Alcoa’s results are often seen as a harbinger for other major companies. So far, investor expectations are low. Wall Street forecasts a 1 percent decline in second-quarter earnings of S&P 500 companies compared with last year, according to Standard & Poor’s Capital IQ. That would be the first decline since the third quarter of 2009.
Kim Caughey-Forrest, senior equity analyst at Fort Pitt Capital Group, said many portfolio managers are afraid that this earnings season could bring bad surprises about stocks they’ve picked up earlier this year.
“It’s report-card time,” Caughey-Forrest said.
Investors were also spooked Monday by news from Europe, where Spain’s borrowing costs rose as finance ministers from the euro countries gathered in Brussels to finalize a rescue package for Spain’s banks.
The interest rate on Spain’s 10-year government bond rose to 7 percent.
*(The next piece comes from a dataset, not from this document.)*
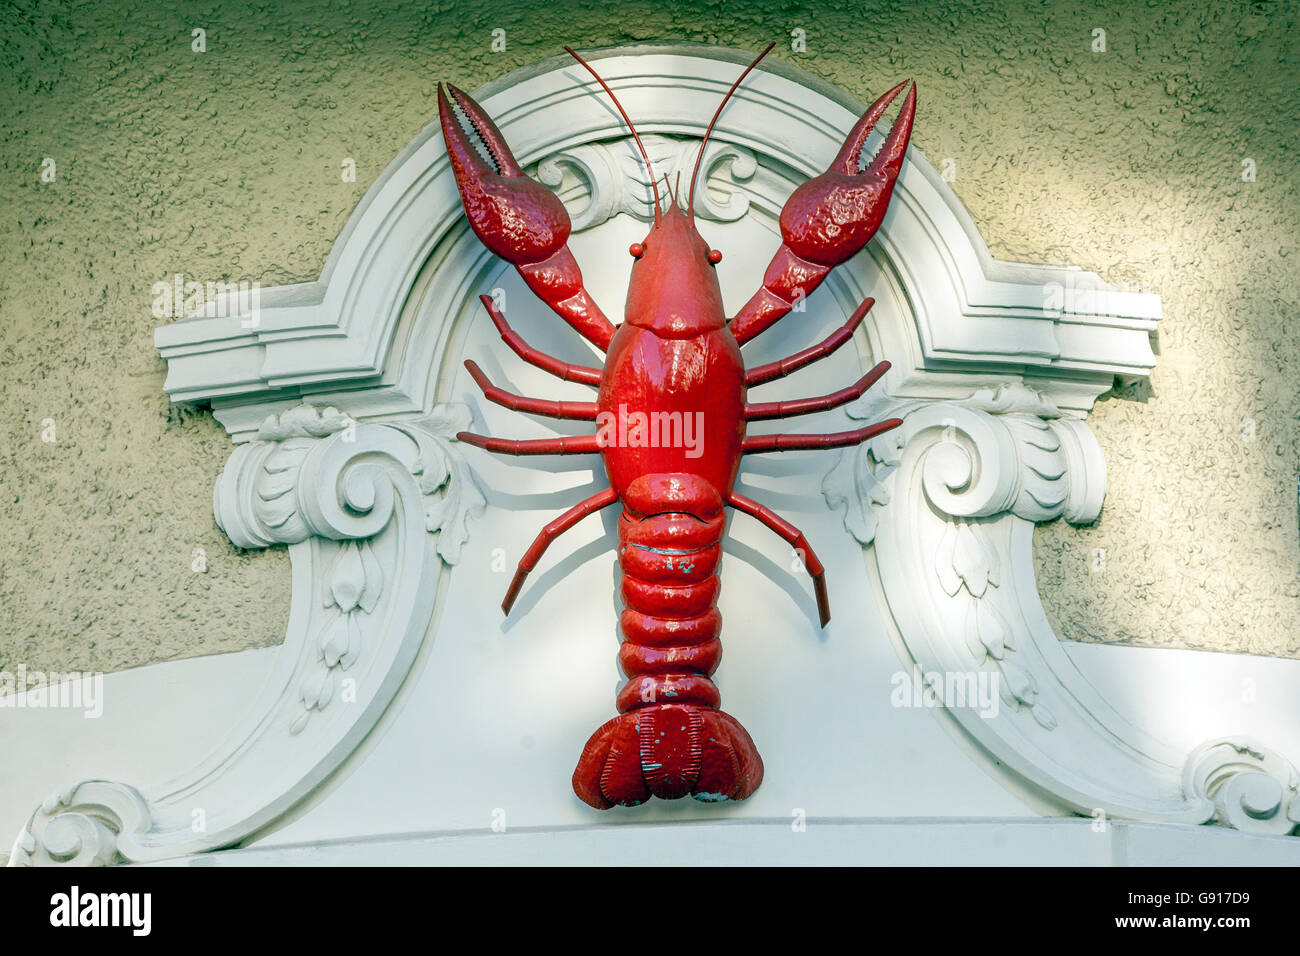 Red Crayfish, Brno house sign Brno Czech Republic Stock Photo

Greece, Ireland and Portugal all asked for help from their international lenders when their borrowing costs rose that high.
In Greece, a new three-party coalition government won a vote of confidence in parliament early Monday, ending a period of uncertainty that led to two elections in less than two months. Greece is in its fifth year of recession and has survived for two years on international rescue loans.
Spain is in better shape financially and can afford the high rates for a few weeks, at least. However, a long-term solution is badly needed to prevent the nation, which has an unemployment rate near 25 percent, from defaulting.